EscargotCult commented on An unorthodox scholar uses technology to expose Biblical forgeries   smithsonianmag.com/histor... · Posted by u/drdee
amusingimpala75 · 3 years ago
“Having done that (and lacking cash to buy Photoshop), he downloaded an open-source knockoff.” Anyone wanna bet it’s GIMP?
EscargotCult · 3 years ago
I can't imagine it being anything else in that year. That must have been a struggle-bus of a UI to work with for something this laborious, though.
EscargotCult commented on MSN replaced journalists with AI publishing fake news about mermaids and Bigfoot   futurism.com/msn-is-publi... · Posted by u/cpeterso
duxup · 3 years ago
I always assumed this was happening to an extent already, particularly with sports. In the sports news world you get all sorts of "season previews" and various articles with "each team's strength's and weaknesses".

If you weren't a fan of big name teams you'd inevitably find with your team: coaches mentioned who weren't there anymore, players who weren't there anymore, and various outdated factoids / concerns thrown in. Some "concerns" almost felt like an AI trained on fan forums where issues fans had, but had no place in reality were raised, with even local fan forum lingo tossed in ...

If it was a person, or a script that generated content that got doctored by a person I don't know, but the patter was very clear.
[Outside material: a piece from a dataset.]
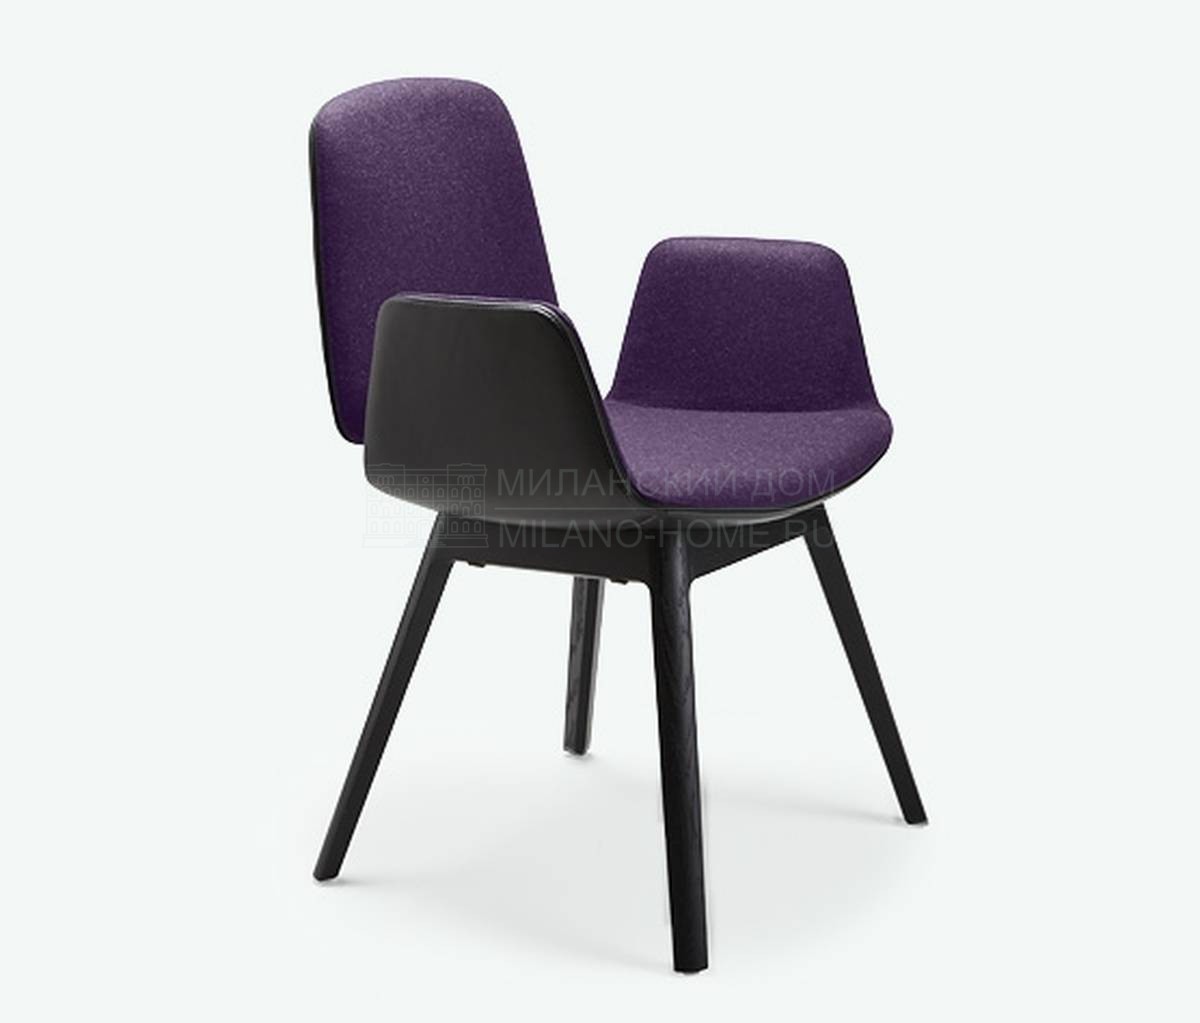 Полукресло Tilda armchair color из Германии фабрики FREIFRAU

EscargotCult · 3 years ago
This is already happening with stock "analysis" that you see on Yahoo Finance for any given symbol. For example, take a look at https://stocks.apple.com/AbKUdK1ZvSFK4NdaMwMd27w
EscargotCult commented on Go 1.19 Released   go.dev/doc/go1.19... · Posted by u/petercooper
62951413 · 3 years ago
At first glance I don't see anything done about migrating the standard library to use generics. Is there any roadmap? I remember a cascade of related improvements when Java introduced generics.
EscargotCult · 3 years ago
I think they've mentioned that they expect that their generics spec will evolve, plus they're waiting to see what idioms emerge before refactoring the standard library.